Camões também escreveu sonetos, forma fixa introduzida por Sá de Miranda na


estética do Classicismo português de origem italiana, seus sonetos não possuíam títulos
vinham destacado sempre a primeira parte introdutória dos sonetos. Composto de uma
estrutura com dois quartetos e dois tercetos, estrutura essa sendo seguida por outros autores
como o poeta Vinícius de Morais. Amor é fogo que arde sem se ver é um dos seus mais
conhecidos sonetos, Camões usa como tema o amor apresentando no soneto ideias opostas
como o sentir e não sentir, é o ser que ama e pode esta contente e descontente ao mesmo
tempo, portanto, o amor é algo muito contrário ao olhar camoniano, ou seja, usa de seu
raciocínio lógico para mostra a complexidade do amor.
Camões foi um escritor que revolucionou a arte literária e a literatura portuguesa é
considerado cânone por fazer presente na escrita de diversos autores e também na música
brasileira. Renato Russo em sua canção “Monte Castelo” cita um trecho do soneto do grande
poeta português:

O amor é fogo que arde sem se ver


É ferida que dói e não se sente
É um contentamento descontente
É dor que desatina sem doer
(RENATO RUSSO; 1989)

O eu poético de Camões em seus sonetos não trazem só o amor como tema. Seus sonetos são
diversos, assim como, os temas. Em um dos seus sonetos ele trata da mudança de tempo de como esse
tempo muda o eu lírico ali destacado. Essa mudança envolve sentimentos, valores humanos.

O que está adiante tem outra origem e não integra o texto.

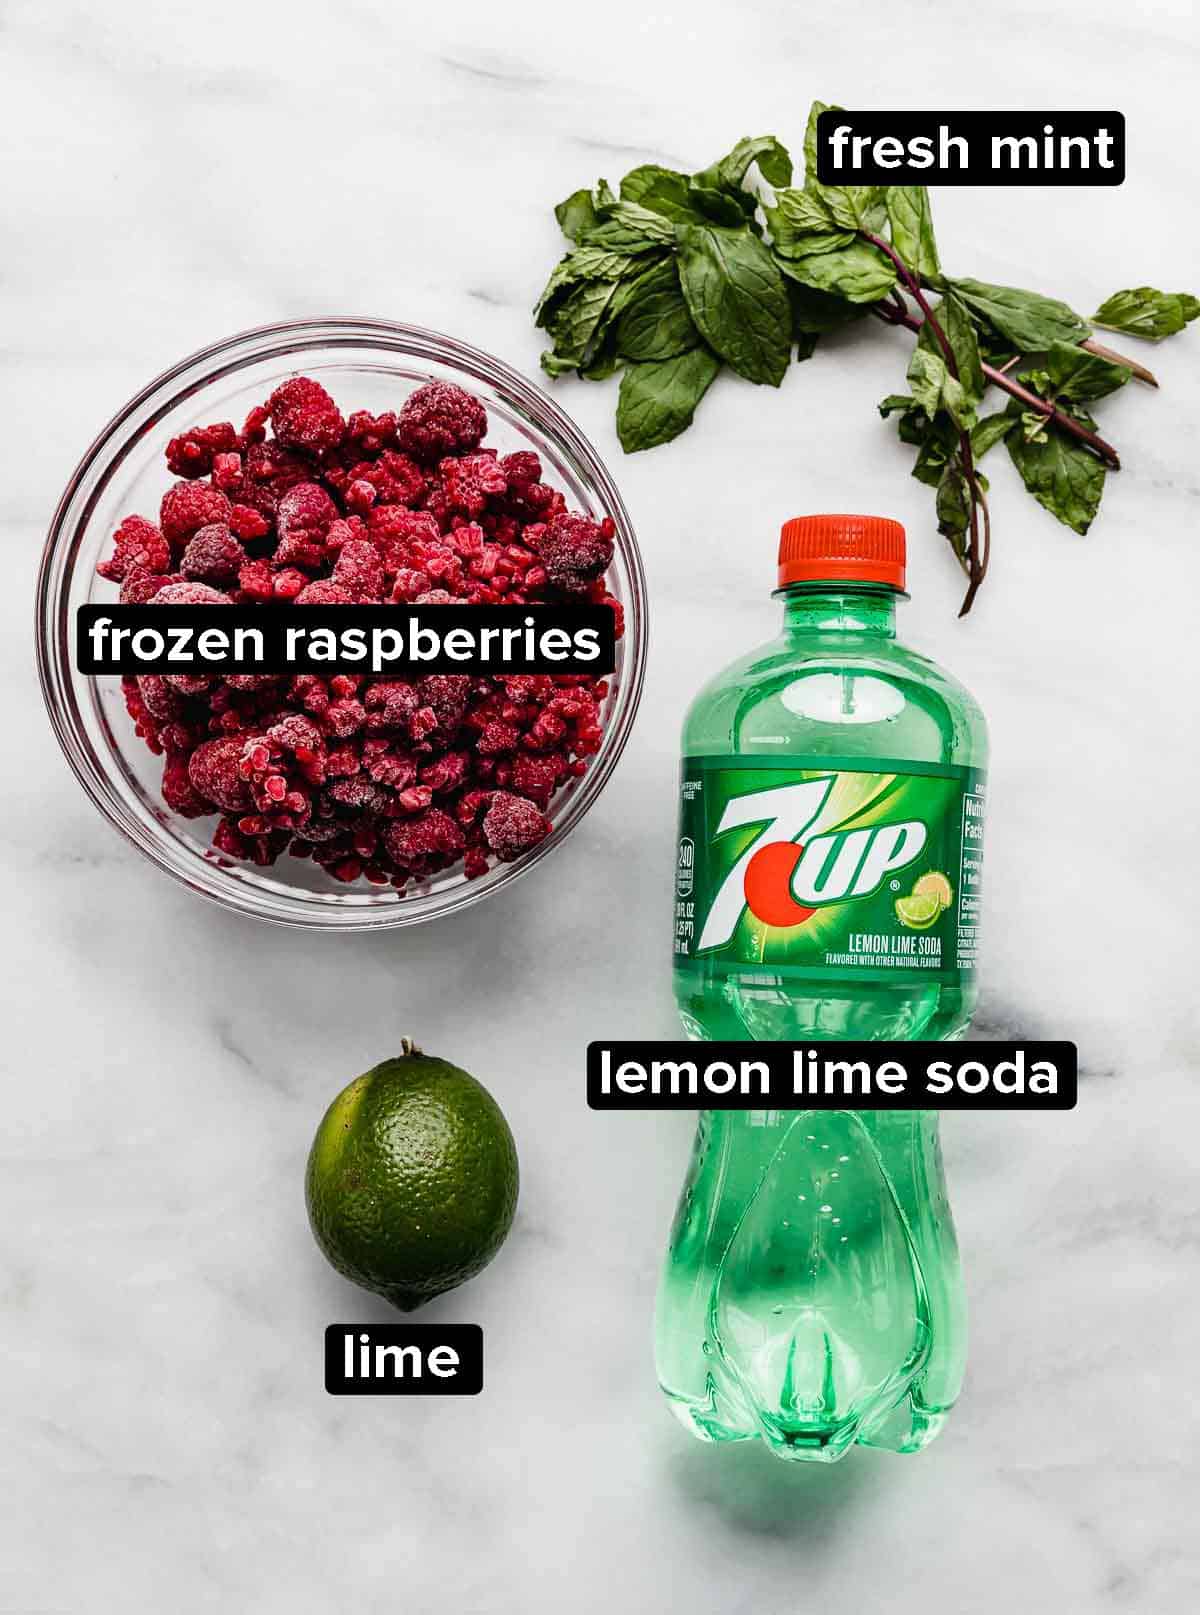 Raspberry Mojito Mocktail ingredients on a white background: raspberries, mint, lime, and lemon lime soda.

Mudam-se os tempos, mudam-se as vontades,


Mudam-se o ser, muda se a confiança;
Todo mundo é composto de mudança
Tomando sempre novas qualidades.

Continuamente vemos novidades


Diferentes em tudo da esperança;
Do mal ficam as mágoas na lembrança
E do bem (se algum houve), as saudades.

O tempo cobre o chão o verde manto,


Que já coberto foi de neve fria, e, enfim,
Converte em choro o doce canto.

E, afora este mudar se cada dia,


Outra mudança faz de mor espanto,
Que não se muda já como soia.
(CAMÕES, soneto 092, pag. 31)

Como se pode observar há uma importância literária grande deixada por Camões na arte
contemporânea, visto que, ele é usado como influência até os dias atuais, seja em letras de músicas
como essa ou como referência para outros escritores. O uso comum de uma intertextualidade entre as
obras dos escritores contemporâneos e as obras camonianas a exemplo disso temos Drummond que
faz presente na sua escrita uma referência das obras e da vida de Camões. Outrossim, é que Camões
também é citado no campo da linguística. Marcos Bagno em seus livros que tratam do tema da
variação linguística cita Camões em seus exemplos, visto que, a escrita camoniana foi um divisor de
águas na língua portuguesa por que até a Idade Média os textos eram escritos usando o latim vulgar. É
com Camões que a nossa língua ganha à escrita que hoje conhecemos. Portanto, ocorre na escrita
camoniana uma transição do latim para o português.

REFERÊNCIAS:
COLOMBO, S. A. Roberta. A importância de Camões na literatura portuguesa: uma
intertextualidade contemporânea com os signos “Portugal, mar, amor”. Cadernos do
CNLF, vol. XV, n. 5, t. 1. Rio de Janeiro: CIFEFIL, 2011.
MOISÉS, Massaud. A literatura portuguesa. 23 edição, São Paulo: Cultrix, 1987.
Disponível em:
http://www.dominiopublico.gov.br/pesquisa/DetalheObraForm.do?
select_action=&co_obra=16841 (acessado em 19/07/22)
Disponível em:
http://www.dominiopublico.gov.br/download/texto/bv000164.pdf (acessado em: 20/07/22)
Disponível em: https://www.letras.mus.br/renato-russo/176305/(acessado em: 19/07/22)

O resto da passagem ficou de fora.